Problem description -
Nothing but a verbatim copy of the data, minus the images, should be returned.

** Data excerpt follows **

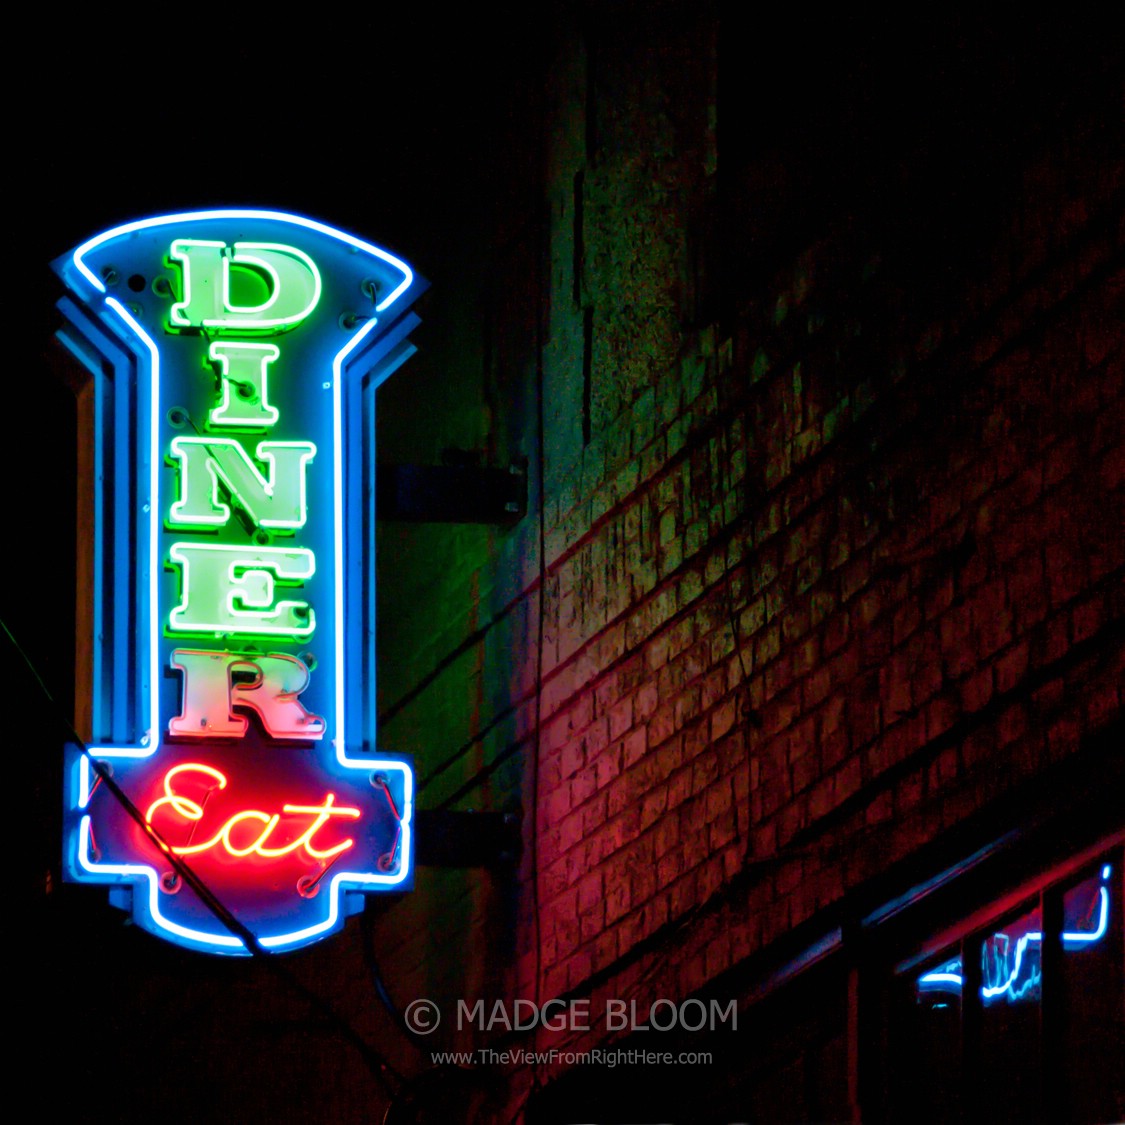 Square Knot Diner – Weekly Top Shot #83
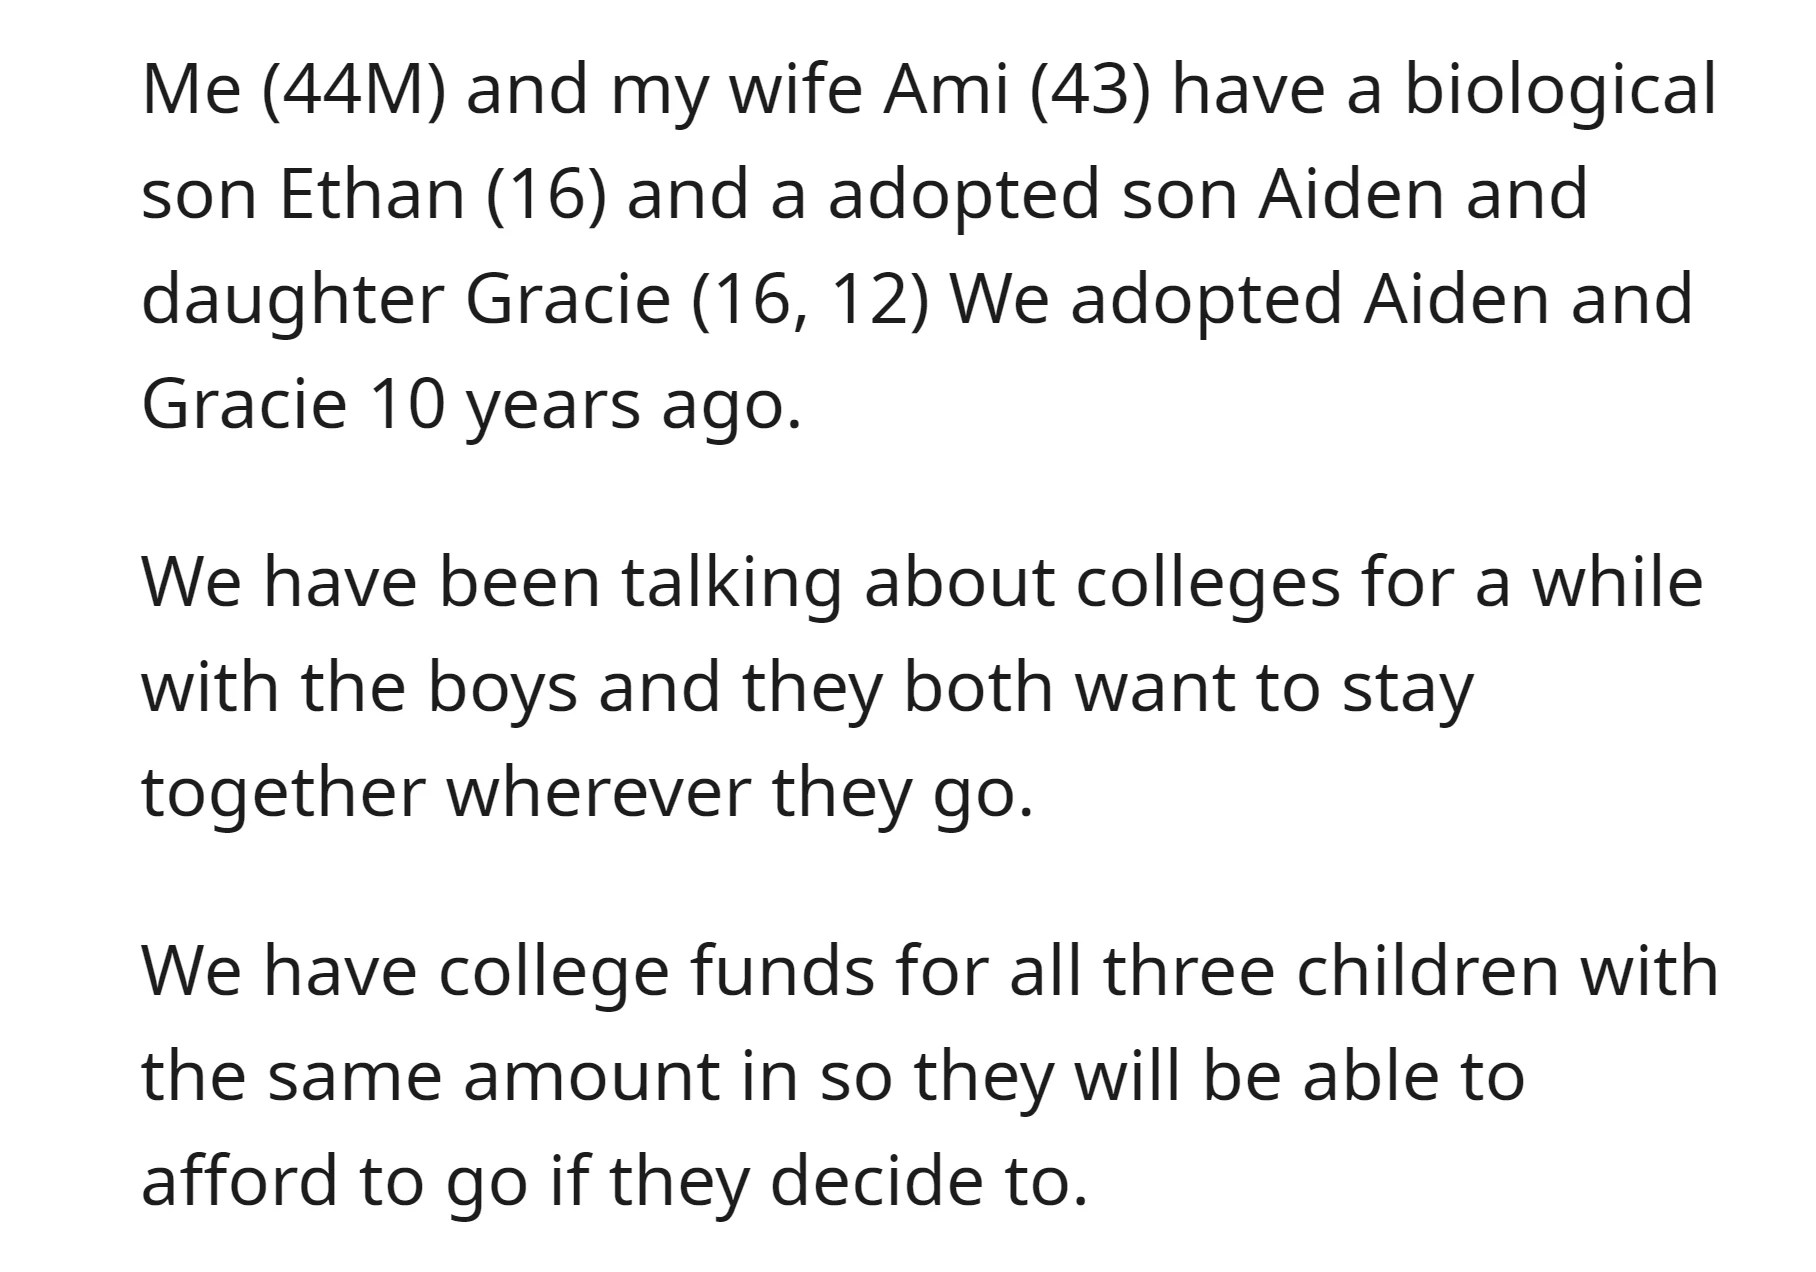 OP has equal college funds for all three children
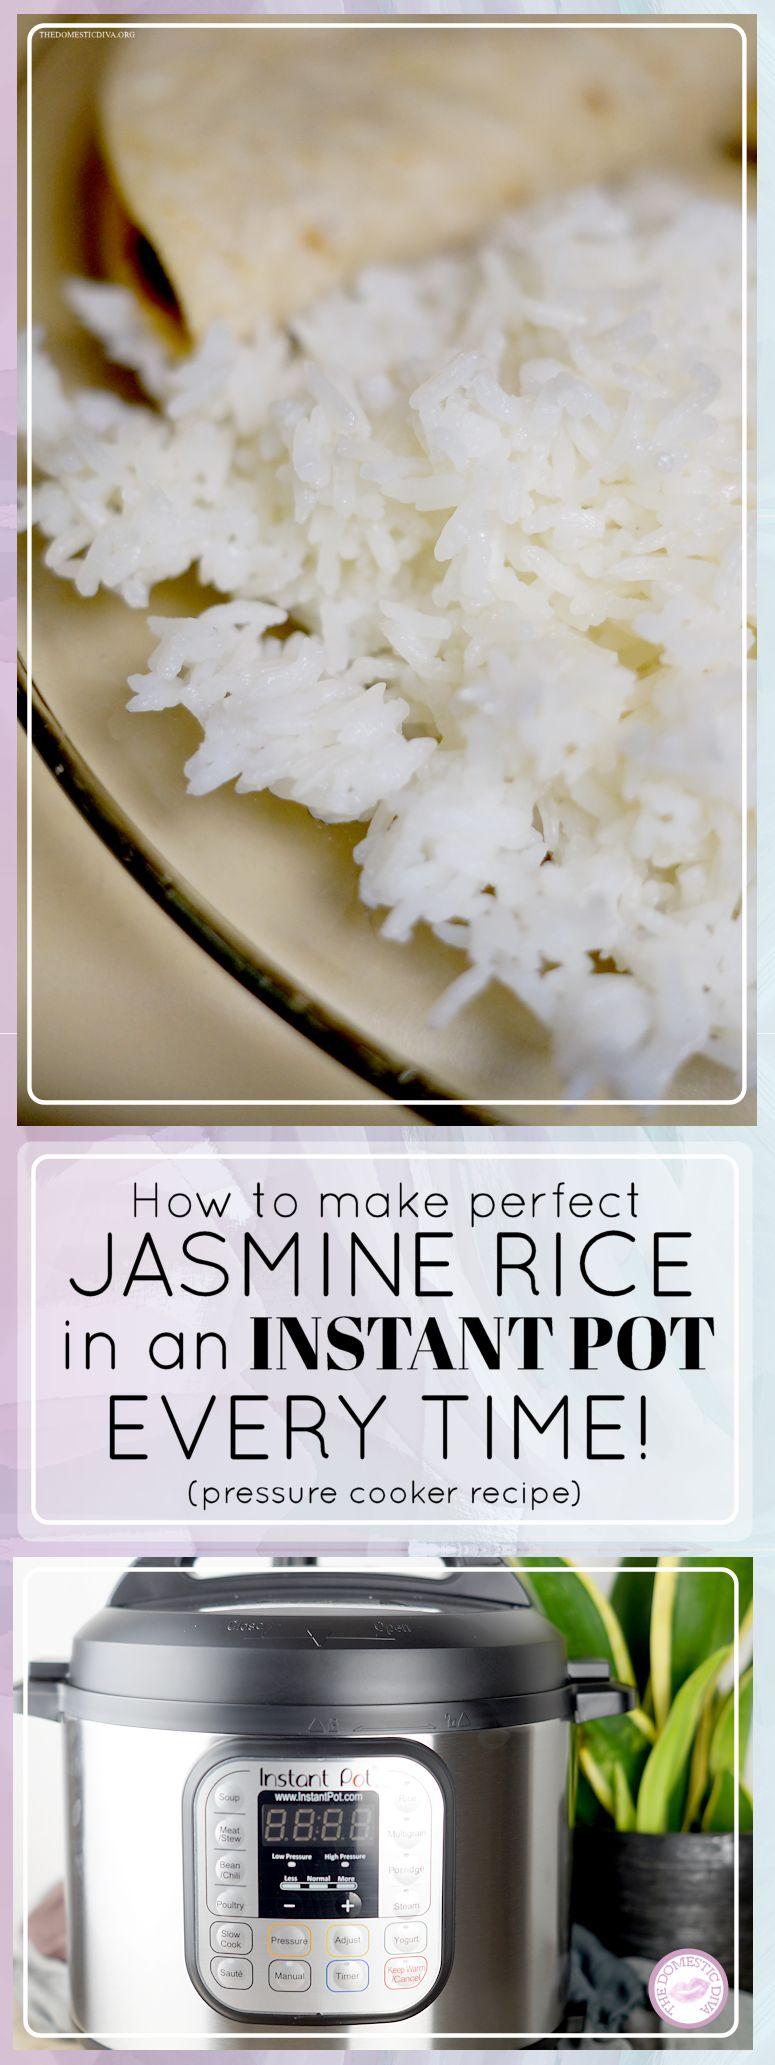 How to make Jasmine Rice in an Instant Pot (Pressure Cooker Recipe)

** End of Data excerpt **

Exercise response -
 Square Knot Diner – Weekly Top Shot #83
 OP has equal college funds for all three children
 How to make Jasmine Rice in an Instant Pot (Pressure Cooker Recipe)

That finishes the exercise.